- Specialty: Gastroenterology

= Congenital tufting enteropathy =

Congenital tufting enteropathy is an inherited disorder of the small intestine that presents with intractable diarrhea in young children.

==Signs and symptoms==
The infants present in the first few days of life with watery diarrhoea. This leads rapidly to dehydration and electrolyte imbalance and metabolic decompensation. Enteral feeding with a protein hydrolysate or amino acid based formulas worsen the diarrhoea and the children rapidly fail to thrive and develop protein energy malnutrition.

In the majority of cases the severity of the malabsorption and diarrhoea make them dependent on daily long term total parenteral nutrition.

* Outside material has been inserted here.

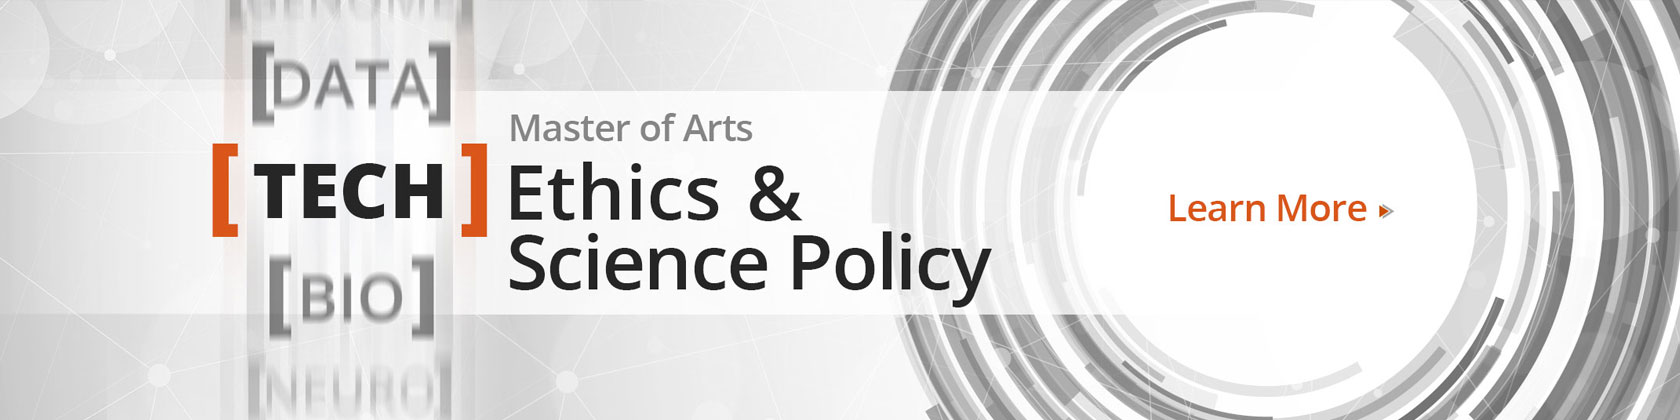 Master of Arts in Tech Ethics & Science Policy, Learn More
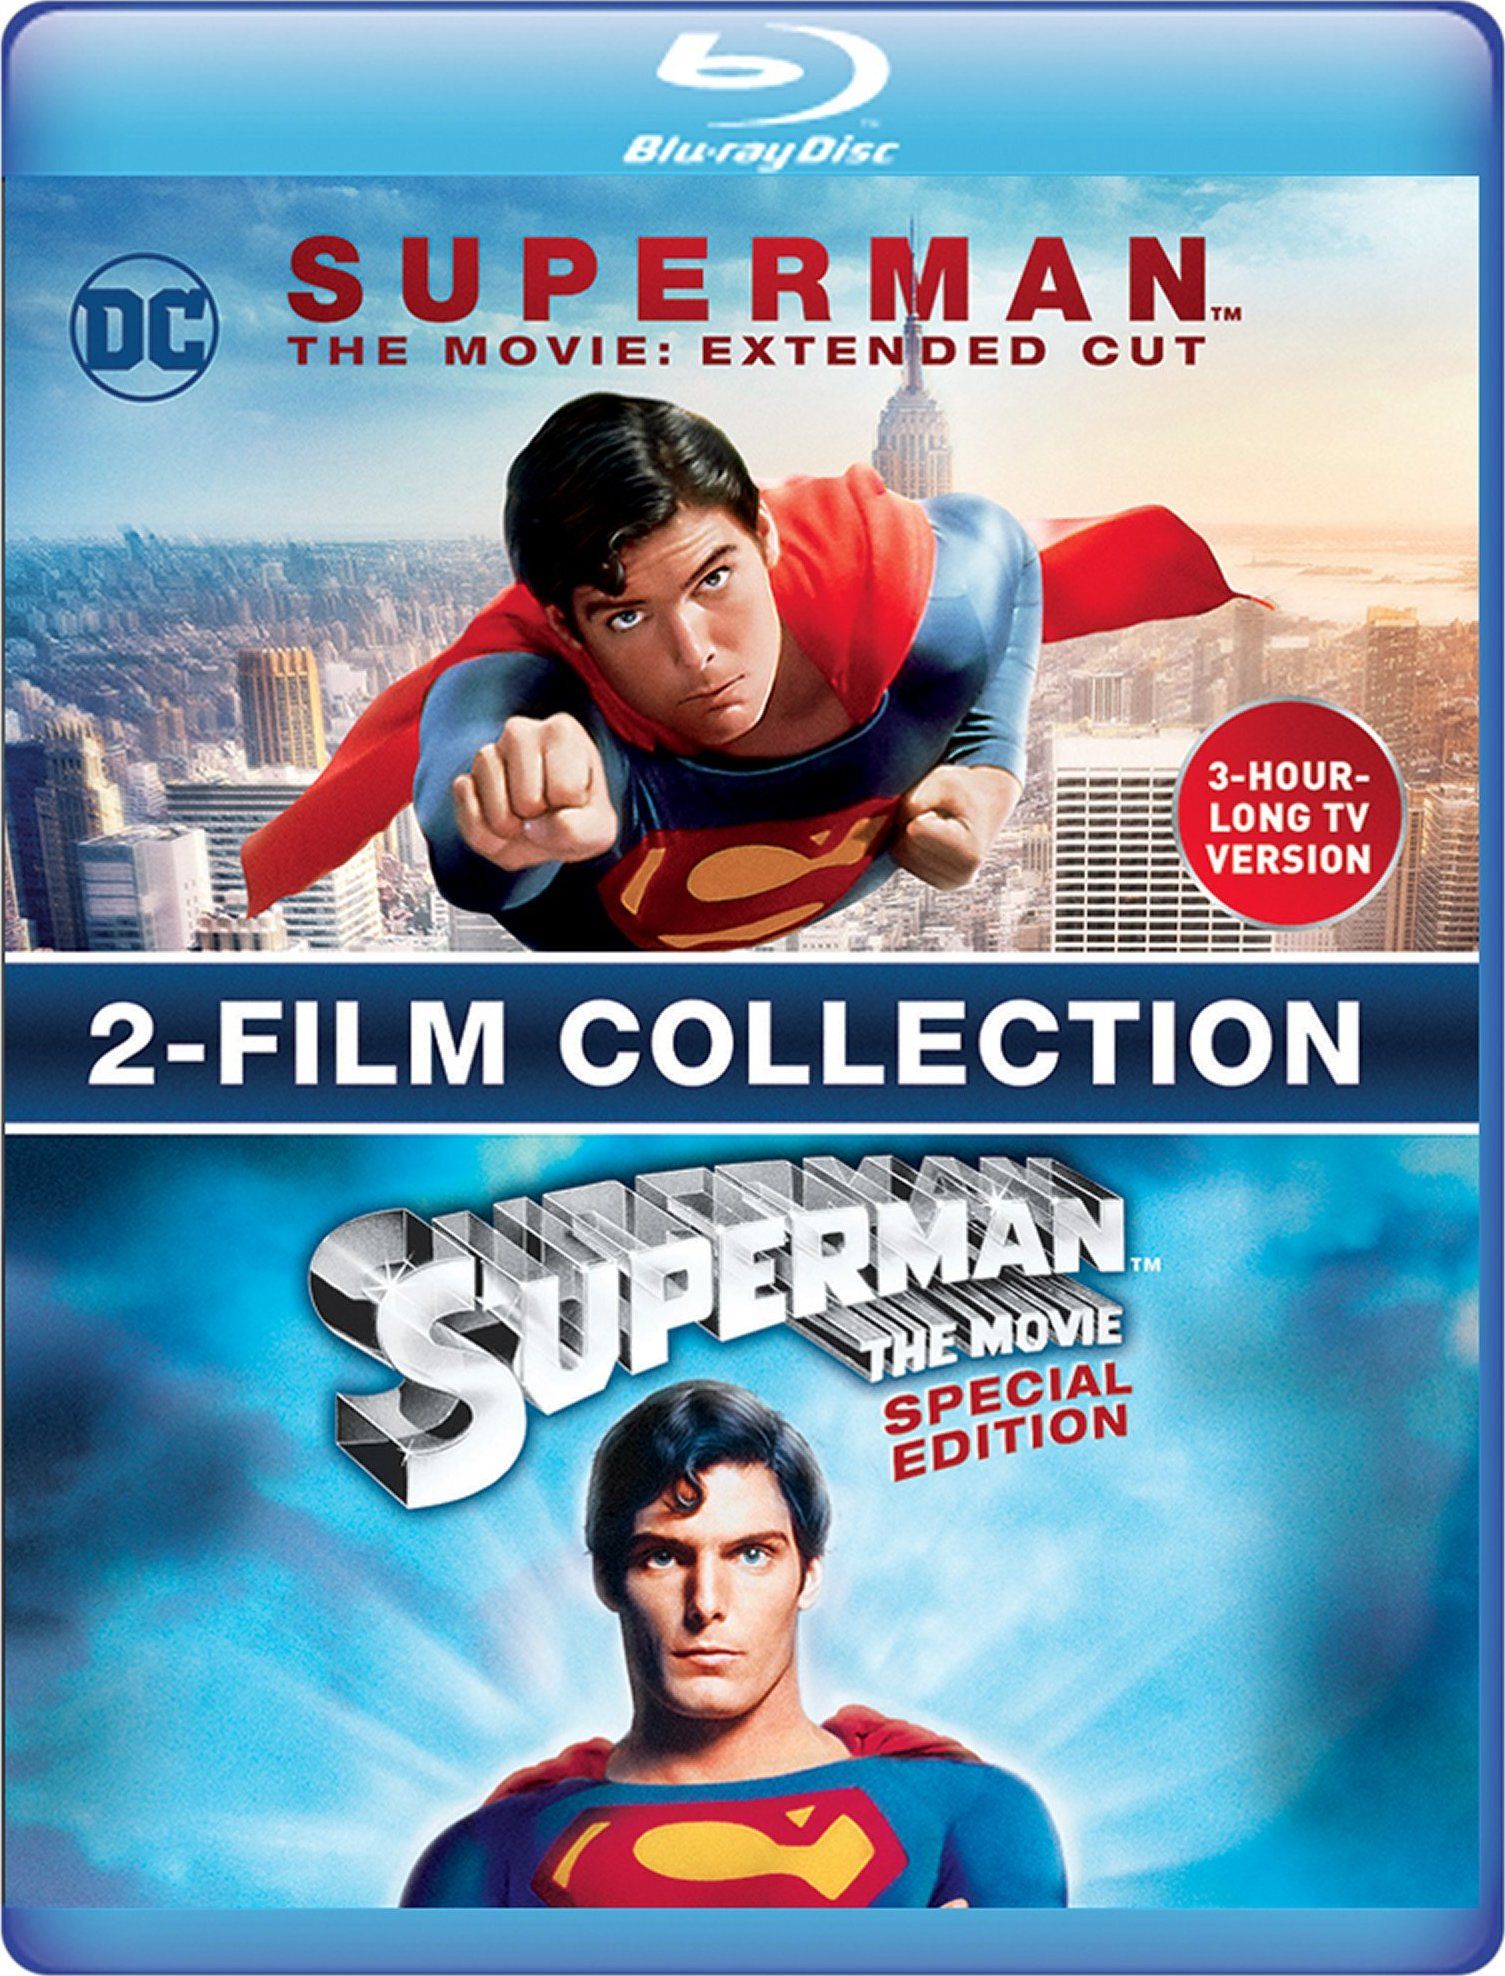 Superman The Movie Blu-ray Extended Cut (photo: Warner Home Entertainment)

Hepatic fibrosis and cirrhosis are known complications.
===Associated conditions===

- Choanal atresia
- Nonspecific punctuated keratitis (60%)
- Oesophageal atresia
- Unperforated anus

==Genetics==

Two genes have been associated with this condition: Epithelial cell adhesion molecule (EpCAM) on chromosome 2 (2p21) and SPINT2 on chromosome 19. SPINT2 is a Kunitz-type protease inhibitor.

The mutation in the EpCAM gene in Kuwait and Qatar appears to have originated 5000–6000 years ago.

==Pathology==

Histological examination of the small bowel shows varying degrees of villous atrophy, with low or without mononuclear cell infiltration of the lamina propria. The most important feature involves the epithelium where the surface enterocytes are disorganized with focal crowding creating structures resembling tufts.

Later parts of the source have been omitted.